DATA:
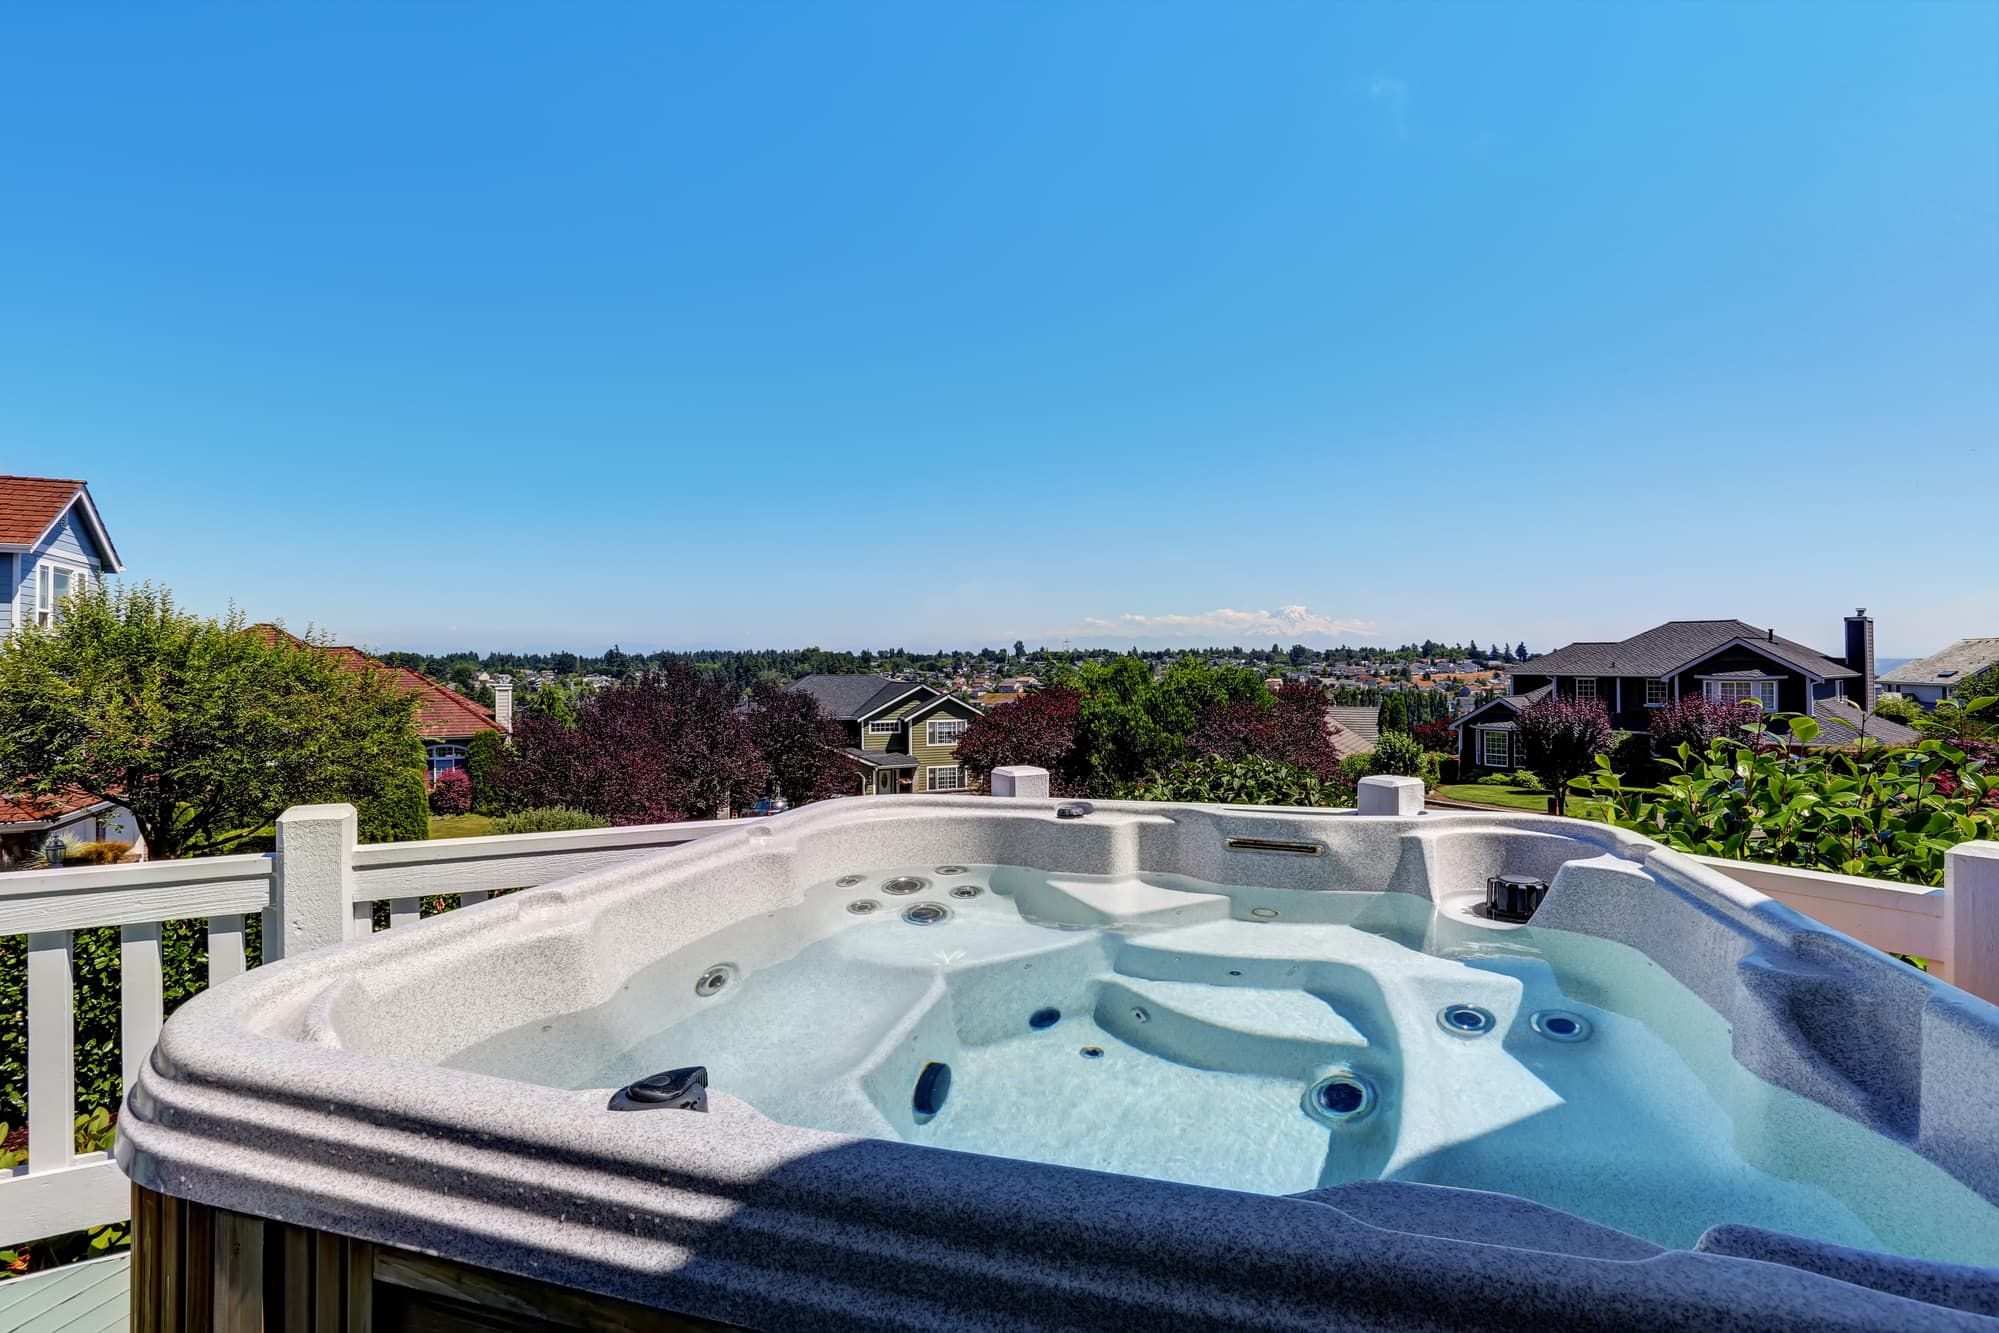 Close-up of hot tub. Luxury house exterior. Blue sky background. Northwest, USA
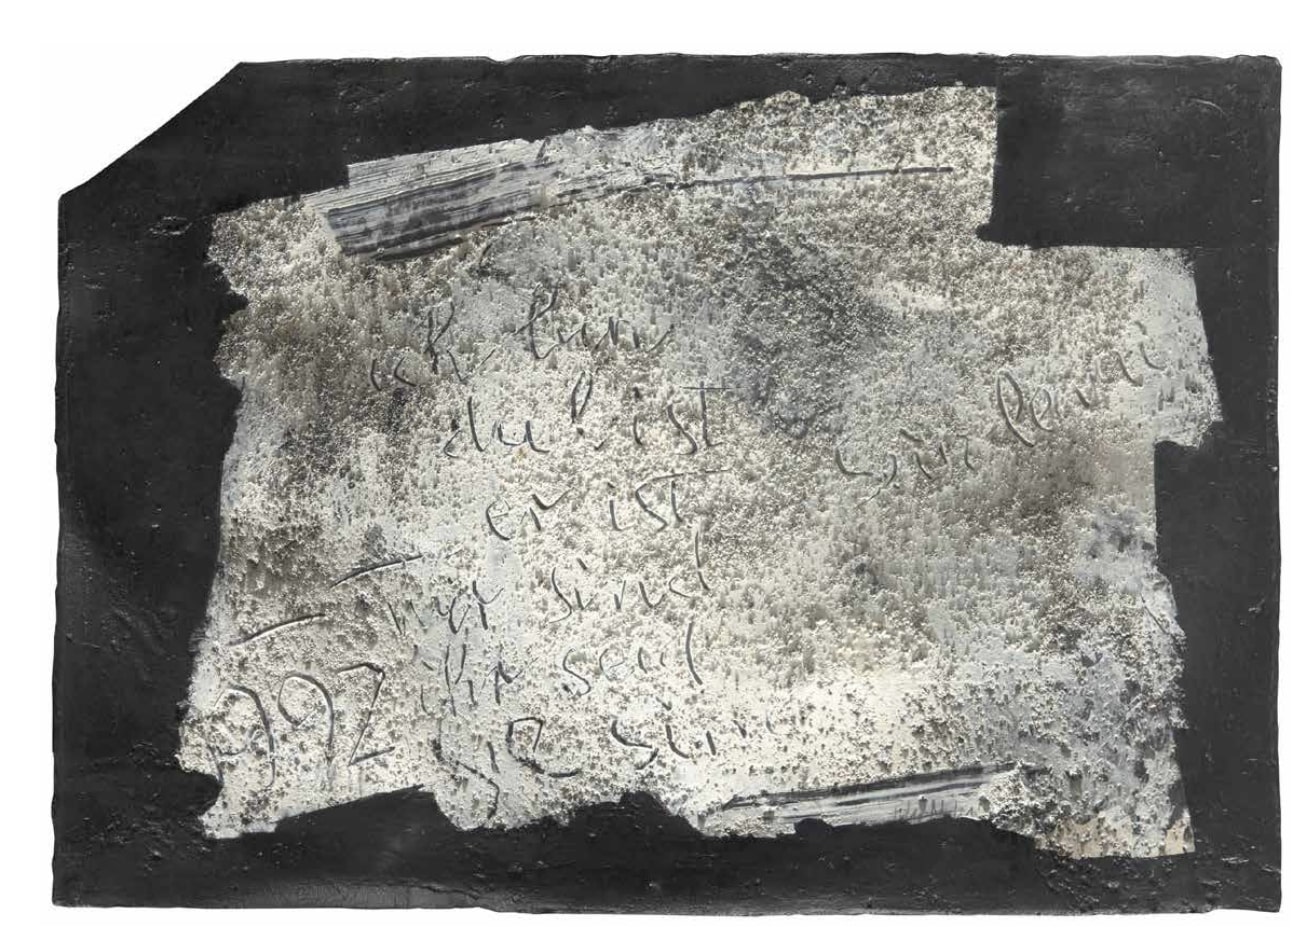 Tölg-Molnár Zoltán: Sein, lenni, 1992, pigment, kőpor, karton, 72 × 103 cm, forrás: Virág Judit Galéria archívuma / HUNGART © 2022
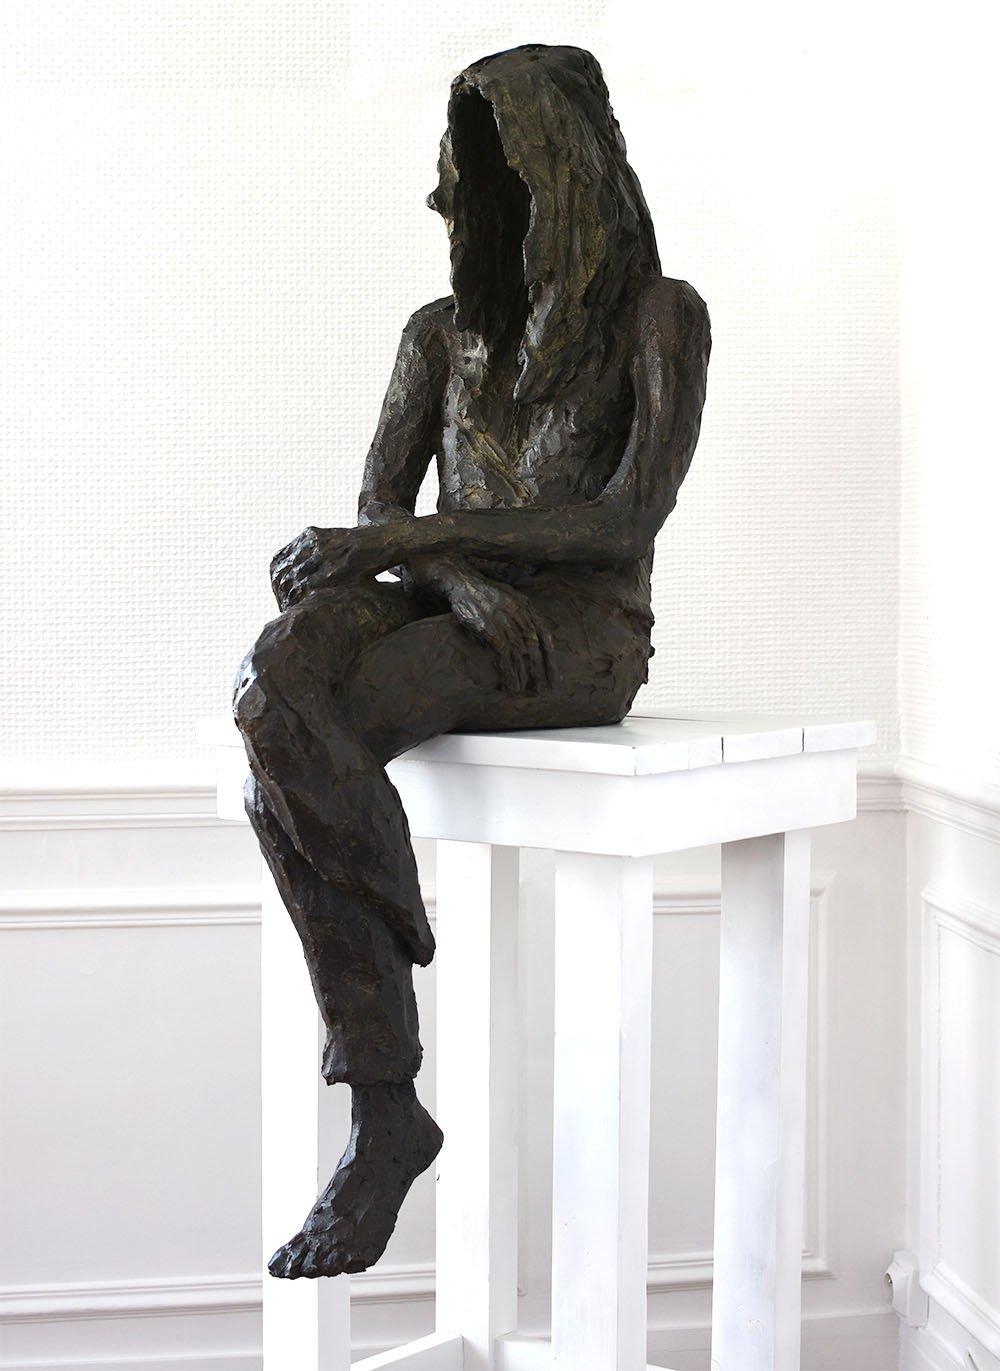 Girl's dream est une sculpture en bronze de l'artiste contemporaine française Cécile Raynal, dont les dimensions sont 155 × 50 × 63 cm (61 × 19.7 × 24.8 in). Les dimensions incluent le support en bois blanc.
La sculpture est signée et numérotée,
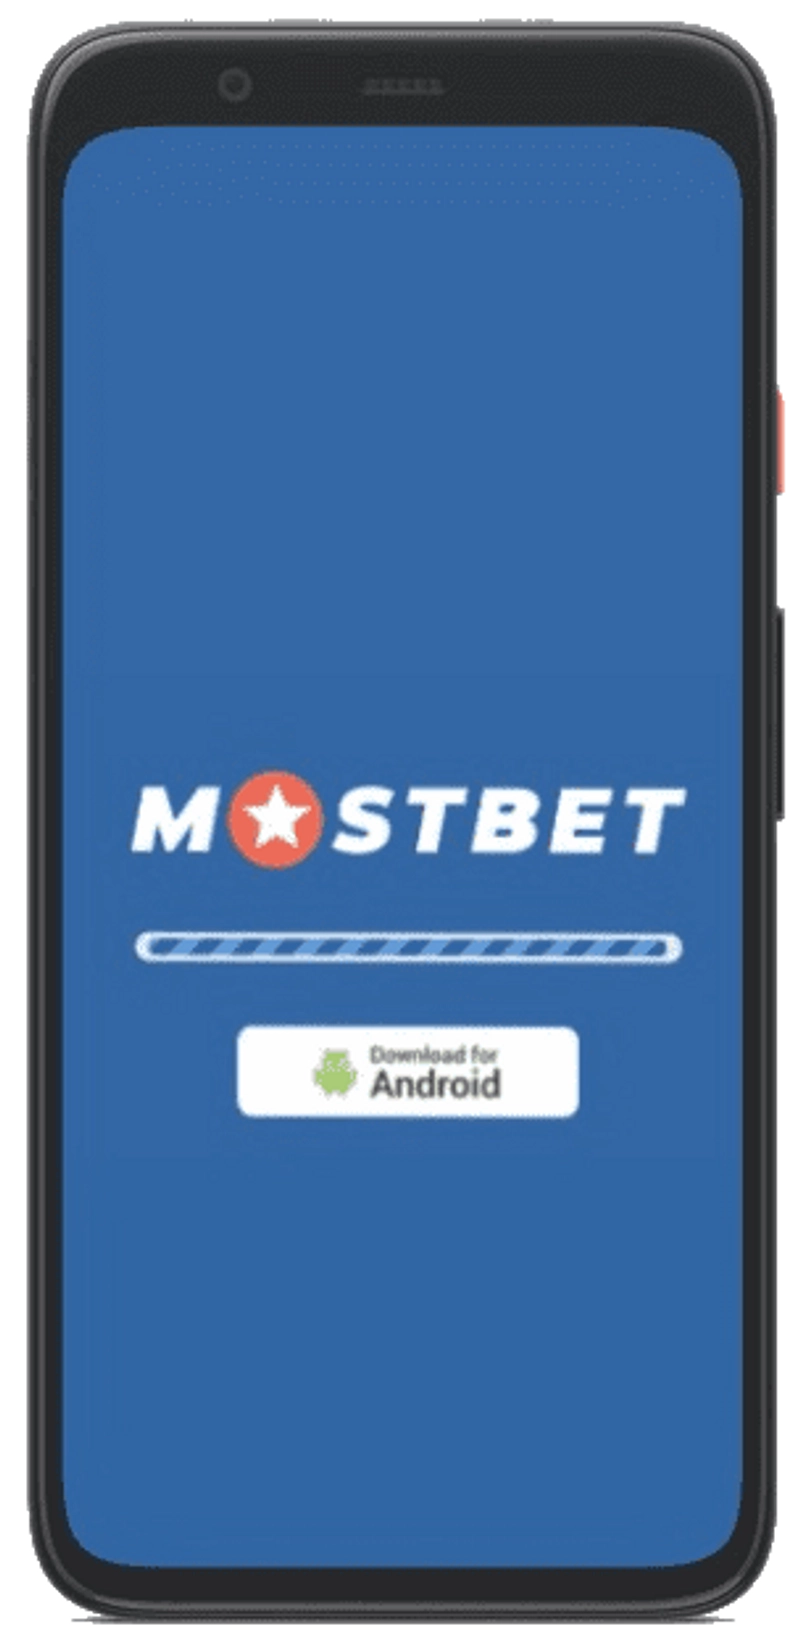 descarga de la aplicación mostbet para android

TASK DIRECTIONS: Reproduce the full listing faithfully, but do not carry over any pictures.

COMPLETED EXERCISE:
 Close-up of hot tub. Luxury house exterior. Blue sky background. Northwest, USA
 Tölg-Molnár Zoltán: Sein, lenni, 1992, pigment, kőpor, karton, 72 × 103 cm, forrás: Virág Judit Galéria archívuma / HUNGART © 2022
 Girl's dream est une sculpture en bronze de l'artiste contemporaine française Cécile Raynal, dont les dimensions sont 155 × 50 × 63 cm (61 × 19.7 × 24.8 in). Les dimensions incluent le support en bois blanc.
La sculpture est signée et numérotée,
 descarga de la aplicación mostbet para android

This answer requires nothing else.